Migrants seeking asylum in the U.S. walk along the Rio Bravo river
Migrants seeking asylum in the U.S. walk along the Rio Bravo river, the border between Mexico and the U.S., as seen from El Paso, Texas. Photo by: Reuters/Carlos Barria

An ongoing narrative about migrants displacing American or U.S.-born residents in the workforce may be about to change, as a recent study found that even with a drop in immigration during the COVID-19 pandemic, U.S.-born employees didn't fill in the jobs that the decline in migrants left open.

In the study published in the Journal of Population Economics at the University of California, Davis, analysts found that the drop in immigrants corresponded to a decline in employment in specific occupations such as retail, social assistance, accommodation and food services, and non-durable goods manufacturing.

"The question is, 'Did Americans move into those sectors and into those states that experienced the biggest drop in immigrants? And the answer is, 'no,'" said Giovanni Peri, a professor of economics and director of the UC Davis Global Migration Center, and co-author of the study, as per The Daily Democrat.
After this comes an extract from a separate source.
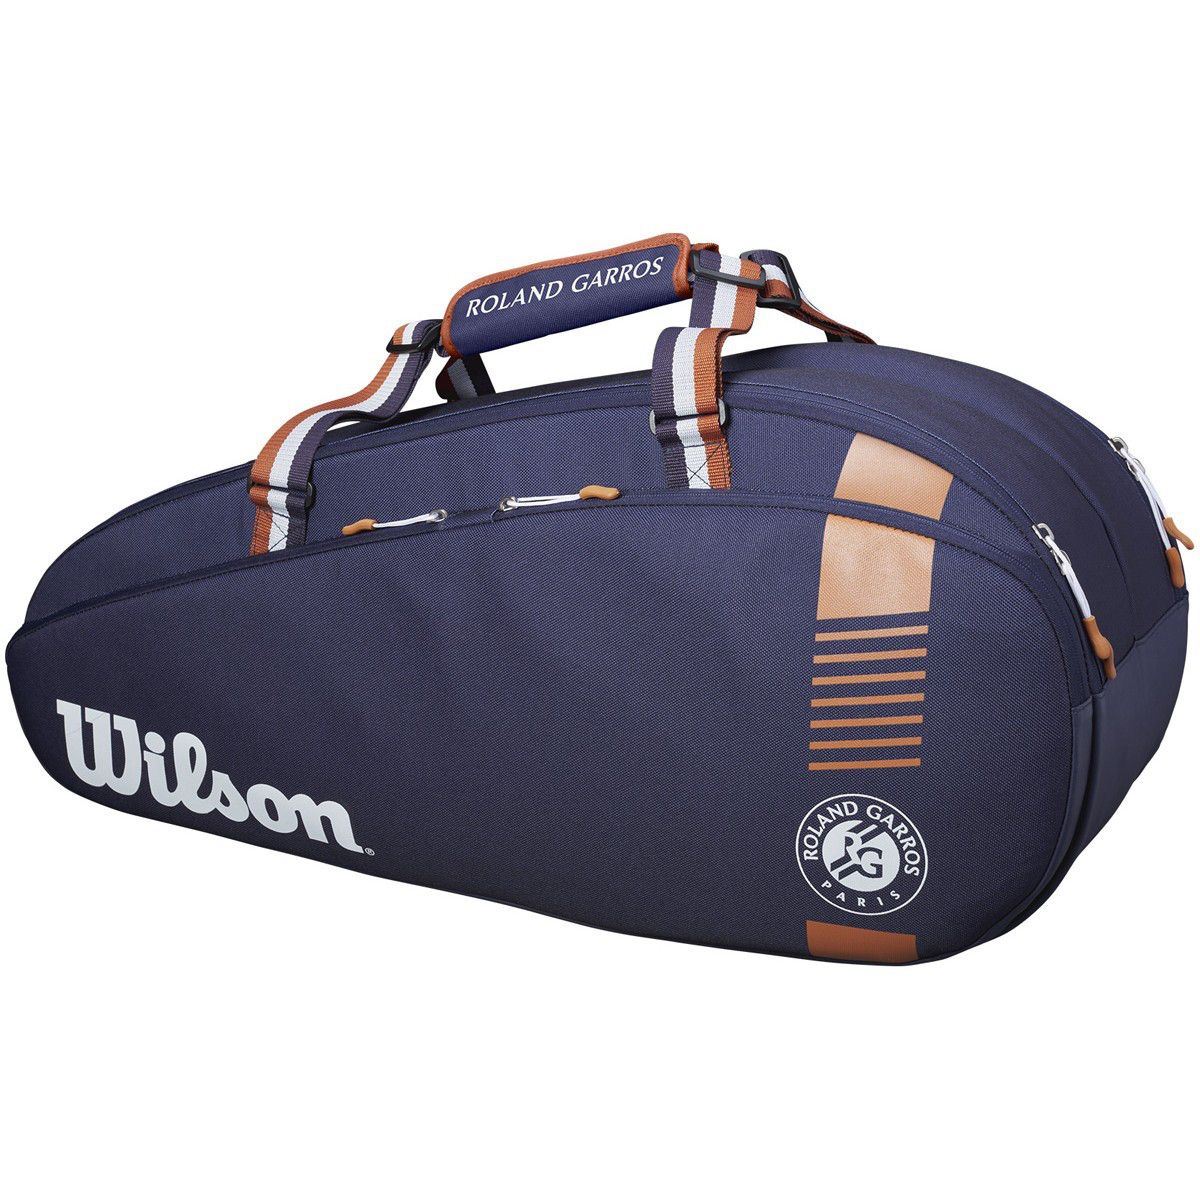 Wilson Roland Garros Team 6-Pack Wilson Tennis Bags WR800670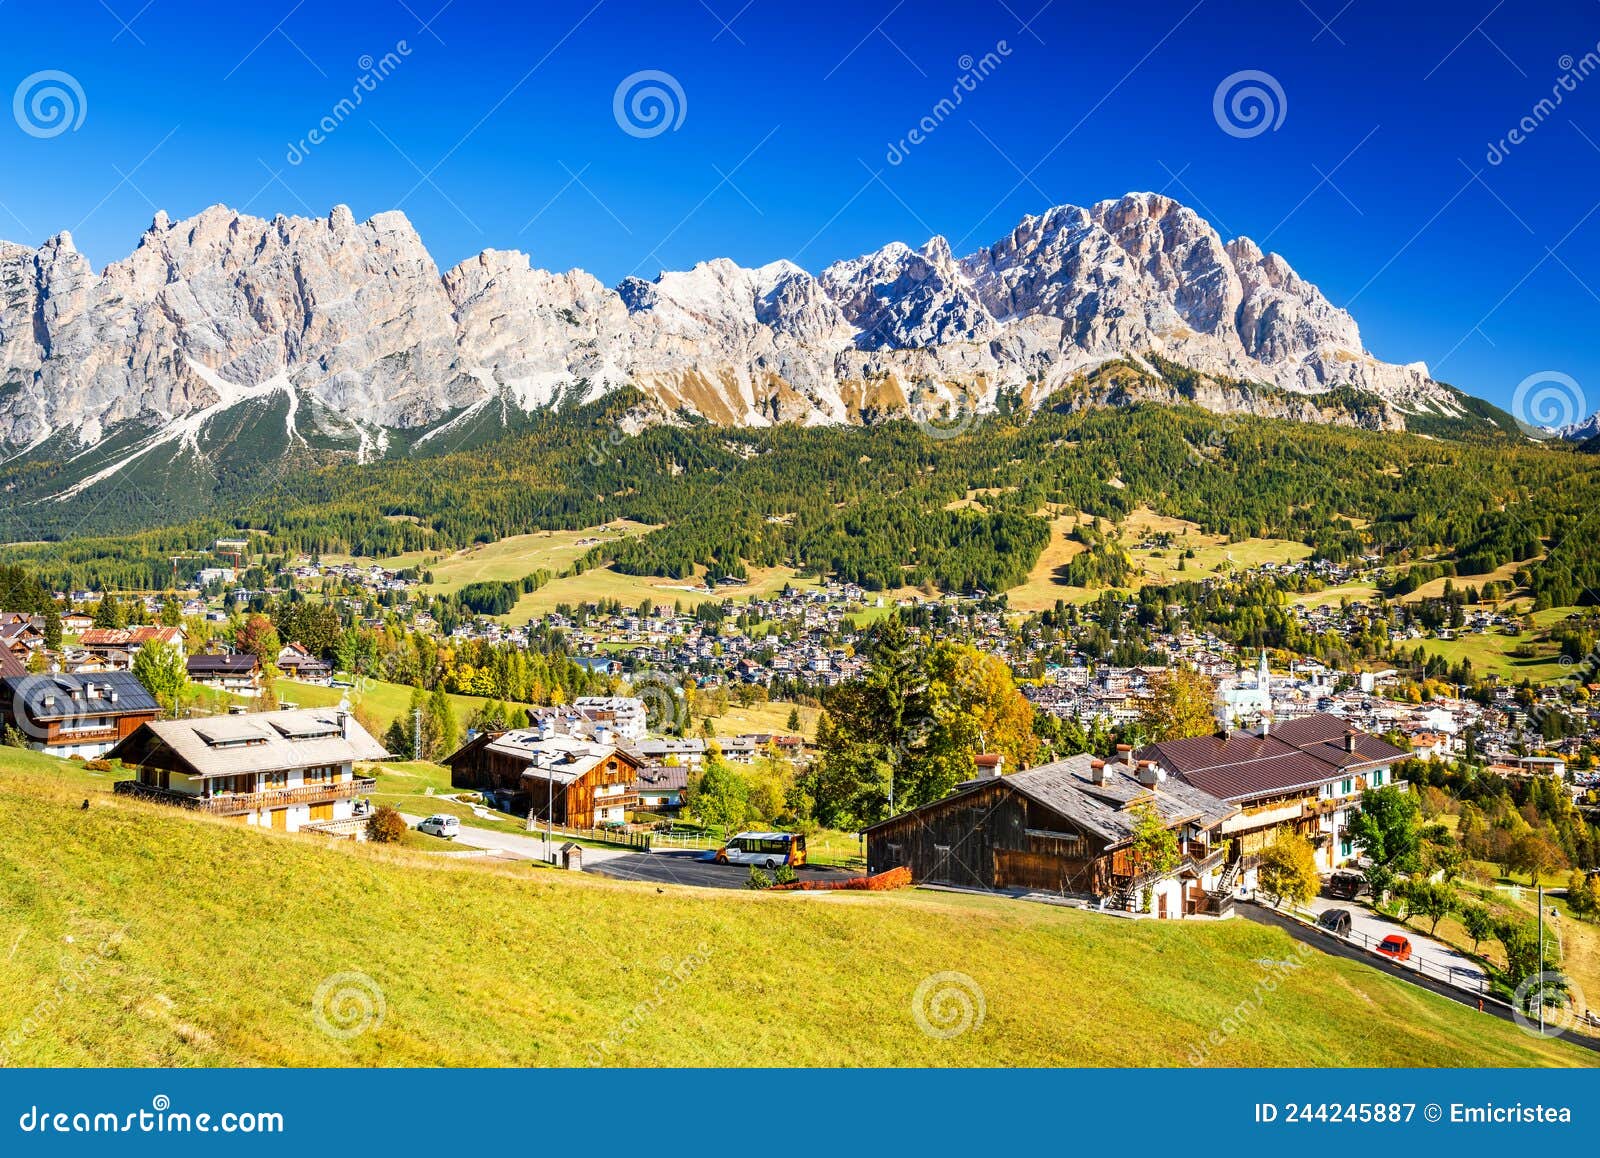 cortina d`ampezzo, italy - sesto dolomites mountain range, alps in south tyrol

While immigration numbers were already going through a slowdown due to the Trump administration's migration policies, the drastic decline in migrants entering the U.S. was further emphasized after 2019, specifically among Mexican migrants.

The net growth of working-age non-U.S.-born individuals saw a 1.65 million population gap between May 2019 and June 2022, the researchers found. During the said period, the accommodation and food services sector experienced a 30% drop in employment as migration declined.

Due to the employment decline, Peri and his co-author, Reem Zaiour, researched whether Americans would fill open jobs that were usually taken up by migrants. "Jobs were out there, but they were not filled," Peri said.

He said the results of the study could help change prejudiced views on immigration. "Changing the attitude toward immigration starts with changing our understanding and our knowledge of the facts," he said.

Experts from the U.S. think tank Brookings previously suggested that immigrants aren't "stealing" as many U.S. jobs as the Trump administration stated. "Undocumented workers often work the unpleasant, back-breaking jobs that native-born workers are not willing to do," Brookings senior fellow Vanda Felbab-Brown wrote in a 2017 essay, "The Wall."

She said immigration issues won't be solved by mass deportations, but by creating a "legal" visa system that will be dedicated to jobs that U.S.-born residents don't want.

A Pew Research survey conducted in 2020 found that 77% of Americans believe undocumented immigrants mostly fill jobs "U.S. citizens do not want."

Researchers at the Center for American Progress further wrote in July 2022 that many immigrants, specifically Hispanic and Latino workers, were concentrated in low-wage occupations. "Hispanic and Latino workers experience persistent and pervasive ethnic wage gaps compared with white, non-Hispanic men," they said.

For Peri, the latest study provides more insight into how declining immigration can affect the U.S. labor market and underlines the United States' need for immigrants.